Féministe et universaliste avant l’heure, l’œuvre de Juliette Roche, épouse d’Albert Gleizes est injustement méconnue. Avec cette magnifique rétrospective, le musée Estrine de Saint Rémy de Provence lui rend enfin l’hommage qu’elle mérite.
Un proverbe dit « derrière chaque grand homme se cache une femme ». Anonymat souhaité ou subi, c’est particulièrement vrai en art où de nombreuses femmes artistes ont mis leur carrière en retrait pour ne pas faire de l’ombre à leur conjoint ou mentor.
On pense bien sûr aux plus connues comme Camille Claudel ou Frida Khalo mais il existe bien d’autres exemples. Le cas de Juliette Roche, fille de Jules Roche (homme politique, avocat et journaliste français) est encore différent puisque celle-ci connut une petite notoriété de son vivant avant de sombrer dans l’oubli. On redécouvre très tardivement les peintures exhumées des collections de son époux par un passionné particulièrement curieux, Christian Briend, conservateur général du Centre Pompidou et administrateur de la Fondation Albert Gleizes.
On comprend aisément que vivre aux côtés de cet immense artiste de l’ère moderne qui a écrit avec Jean Metzinger le premier traité majeur sur le cubisme n’a pas dû faciliter l’affirmation de soi.
« Elle a réussi néanmoins à s’imposer comme artiste et femme de lettres, en se jouant des normes et des conventions afin de vivre pleinement son art et ses engagements politiques et sociaux, parfois même aux dépens de sa propre reconnaissance » déclare Fériel Dridi qui a fait une thèse sur le sujet.
« Cette quête de soi se reflète dans sa pratique de l’autoportrait (…) une réflexion intime et personnelle sur l’évolution de son statut en tant que femme artiste, affiliée à la grande bourgeoisie parisienne. » poursuit-elle.
Connue de son époque, la femme et l’artiste sont retombées dans un certain anonymat. D’autant qu’à la mort d’Albert Gleizes, en 1953, elle s’arrête de peindre et décide de se consacrer à la diffusion de l’héritage artistique de son défunt mari.
Pourtant celle qui signait JR bien avant un artiste contemporain a produit toute sa vie des toiles remarquables inspirées de sa vie à Paris, New-York et dans le Sud de la France que l’on découvre avec bonheur au Musée Estrine de Saint Rémy de Provence. Une rétrospective lui est enfin entièrement consacrée, après seulement deux expositions personnelles qui ont encadré sa carrière : la première en 1914 galerie Bernheim-Jeune, la seconde en 1963 dans la galerie Miroir de Montpellier.
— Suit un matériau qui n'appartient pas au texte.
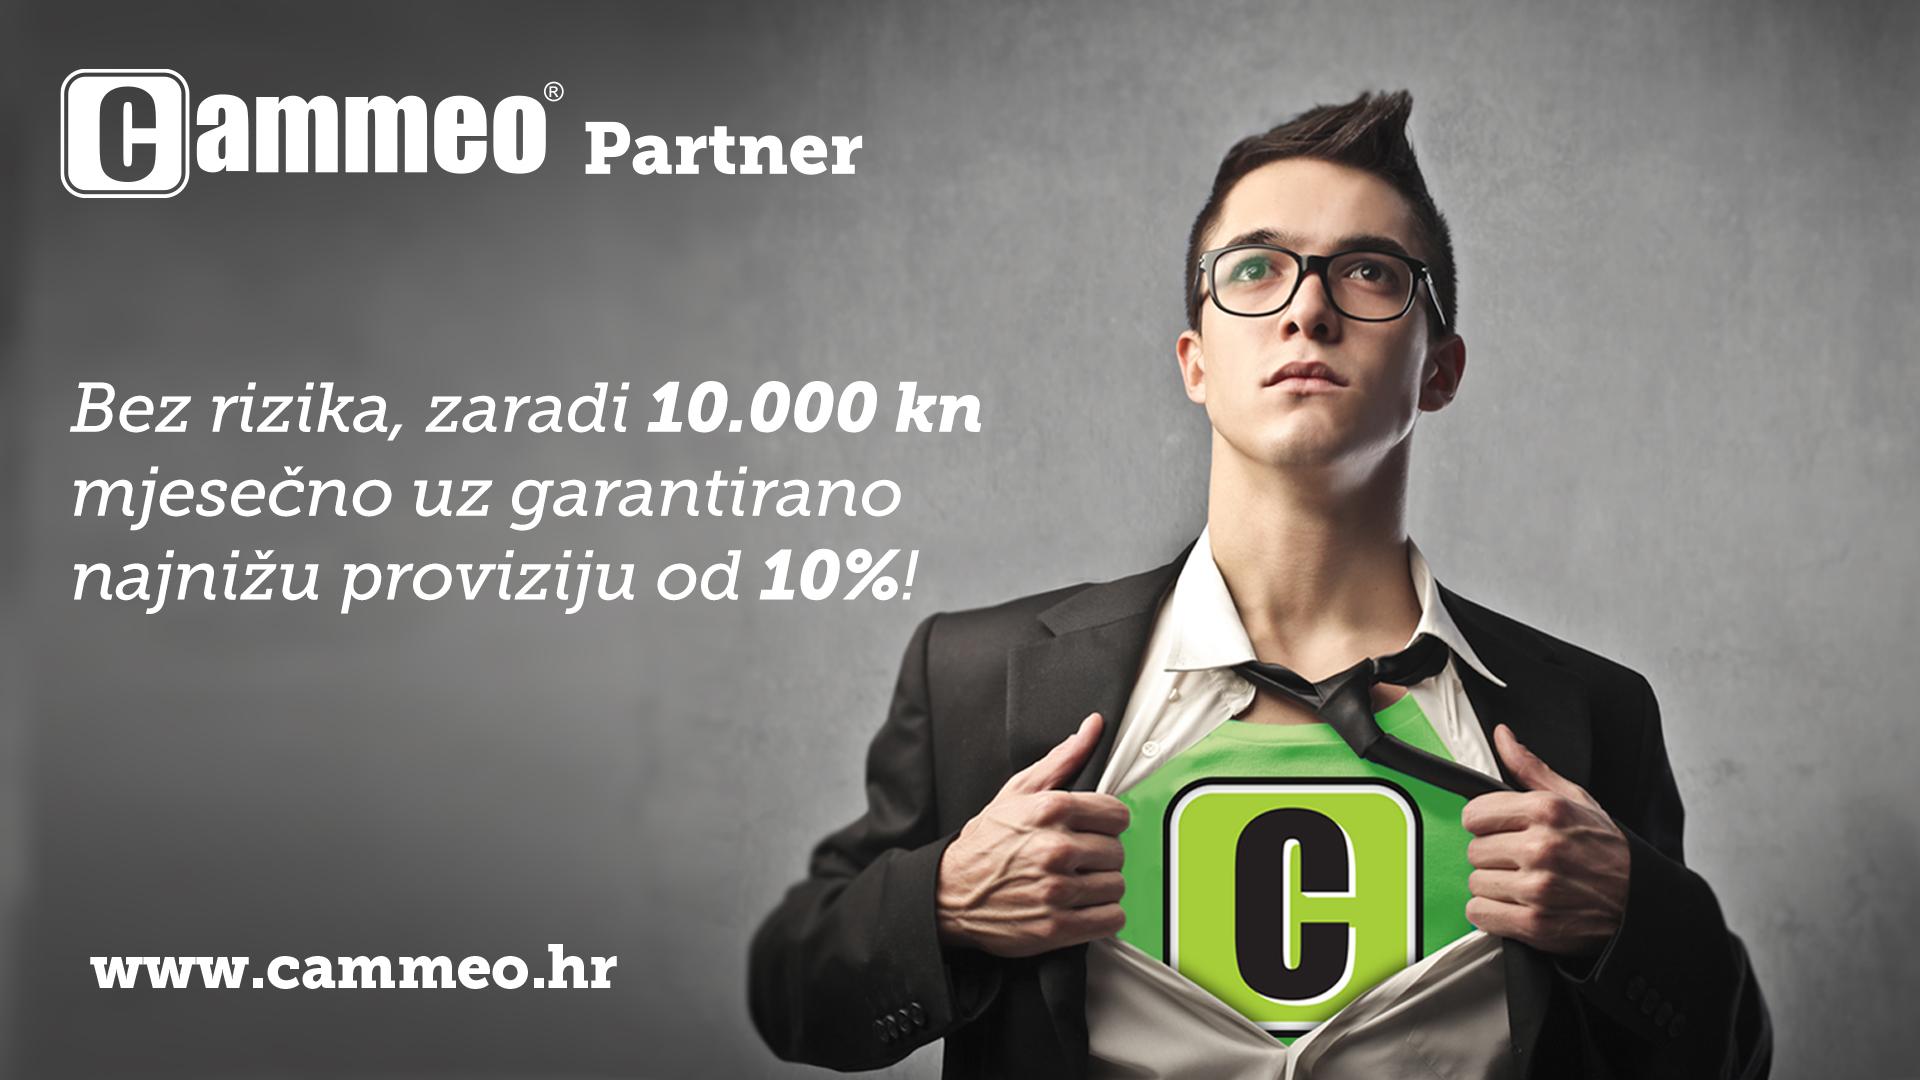 PR - Cammeo Partner 1920 x 1080 px

Juliette Roche mène très tôt une double carrière littéraire – elle publie anonymement des poèmes – et artistique et se liant très tôt avec les Nabis, des peintres qui influenceront beaucoup sa façon de peintre.
Sa carrière sera ensuite traversée par les grands courants artistiques (cubisme, dadaïsme, symbolisme) avec plus ou moins de bonheur.
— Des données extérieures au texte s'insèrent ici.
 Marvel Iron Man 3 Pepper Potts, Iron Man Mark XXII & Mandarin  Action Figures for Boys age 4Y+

Outre ses nombreux autoportraits en garçonne émancipée, ses sujets de prédilection sont des scènes de vie de la bourgeoisie : patins à roulettes, piscine et combat de boxe à Paris ; Music-hall, jazz et lumières sur la ville à New-York où elle et son mari retrouvent pendant et après la seconde guerre mondiale leurs amis artistes Duchamp, Picabia, Joseph Stella, Man Ray. ; Des natures mortes à Barcelone ou bien encore des placettes, terrasses et jardins à Saint Rémy de Provence.
L’œuvre baptisée par la suite American Picnic (en couverture de l’article) impressionnante par ses dimensions (2.17 m x 3.4 m) semble résumer ses principales aspirations et style (le fameux contour noir qui sera sa signature picturale). Peinte vers 1918 pendant son séjour américain de l’artiste, on y perçoit l’influence d’un Matisse (La Danse) comme d’un Gauguin dans l’usage d’aplats de couleurs pastel. Les races et les cultures africaines, indiennes et européennes semblent se mélanger sous le regard de l’artiste et d’une amie dans un décor d’une Eden idéalisé.
Cette exposition sur Juliette Roche qui révèlera à beaucoup (dont nous-mêmes) l’importance de son œuvre permet de revaloriser à sa façon l’impact des femmes dans l’art et les avant-gardes du XXe siècle.